In Part 1, we reviewed the sentiment analysis from Chapter 2 of Silge and Robinson’s “Text Mining with R” (https://www.tidytextmining.com/). Now, I’ll perform similar analysis on another corpus.

The corpus I’ve chosen is a collection of ~280,000 tweets from 424 congressional candidates from the 2022 election cycle (hosted here on Kaggle: https://www.kaggle.com/datasets/kac624/politicaltweets). I gathered the tweets by scraping Twitter in Python using the snscrape package. As an aside, I attempted to gather this corpus in R, but all approaches I found require Twitter API keys. I’ve been waiting several weeks for a key for the Twitter API, but I suspect it may never come, as Twitter has recently moved to monetize the API. So, I’ve had to resort to the few tools that are still working to gather tweets.

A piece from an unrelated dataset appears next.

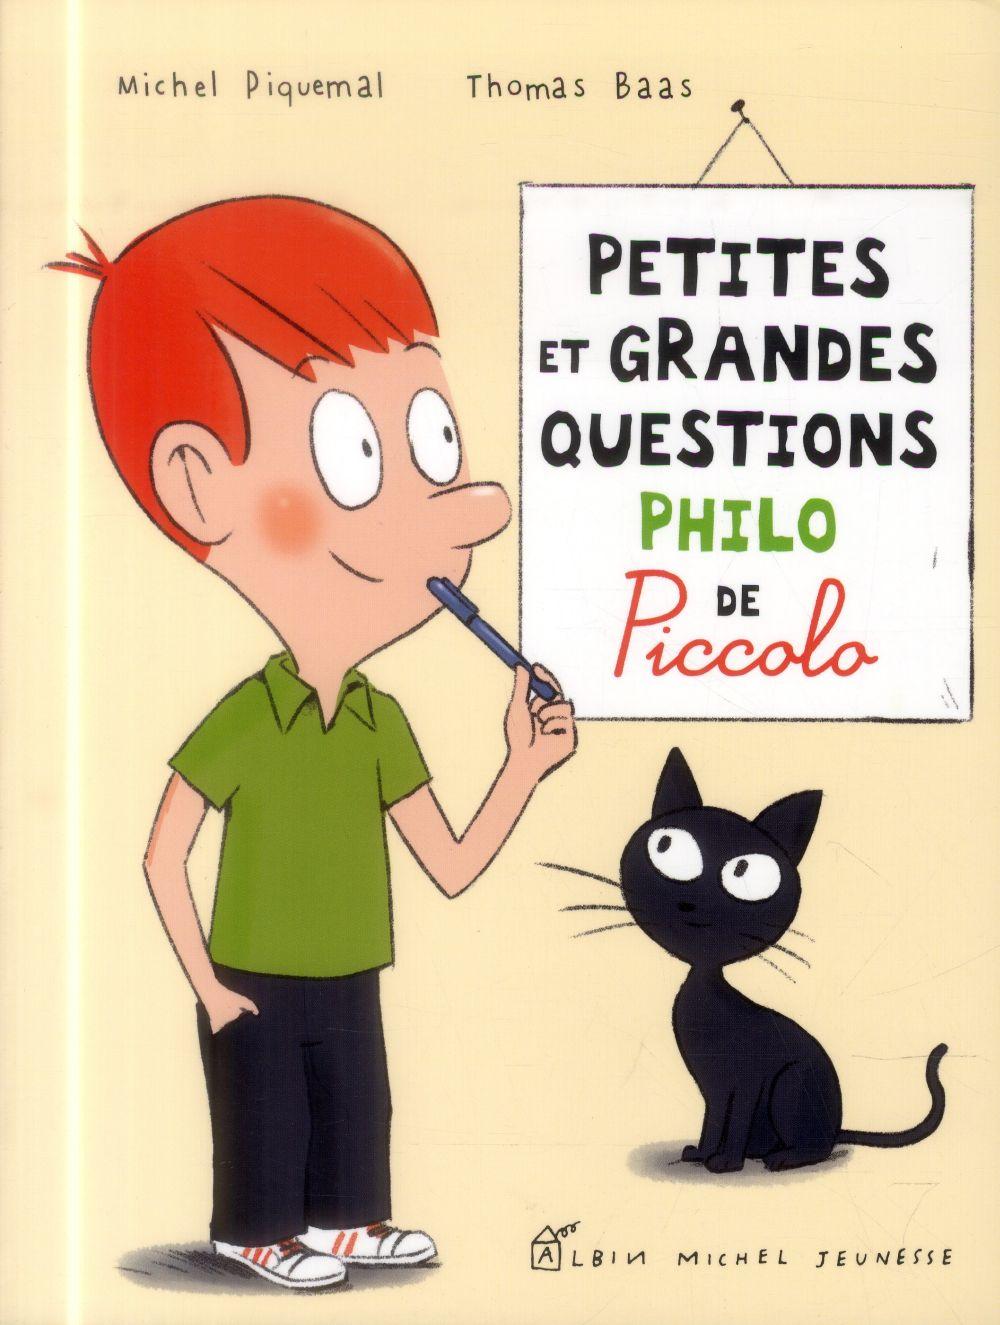 PETITES ET GRANDES QUESTIONS PHILO DE PICCOLOPHILO

Data on the 424 target candidates were gathered from Federal Election Commission data. I initially gathered many more candidates (3000+), but I’m not yet able to reliably pair all of those candidates with their Twitter IDs / handle. I plan to continue working on this effort for Project 4. Please see https://github.com/kac624/cuny/raw/main/D607/Project4_politicalTweets.Rmd for the collection and cleaning of the list of candidates and their IDs, and https://github.com/kac624/cuny/raw/main/D607/twitterScrape.ipynb for details on scraping.

Setup

library(tidyverse)
library(tidytext)
library(wordcloud)
library(lexicon)
library(reshape2)
library(httr)
library(kableExtra)

Extension to Another Corpus with Another Lexicon

First, we’ll read in our data from Kaggle. We’ll take a quick preview of the dataframe, with the actual tweet (under the text column) in a second table.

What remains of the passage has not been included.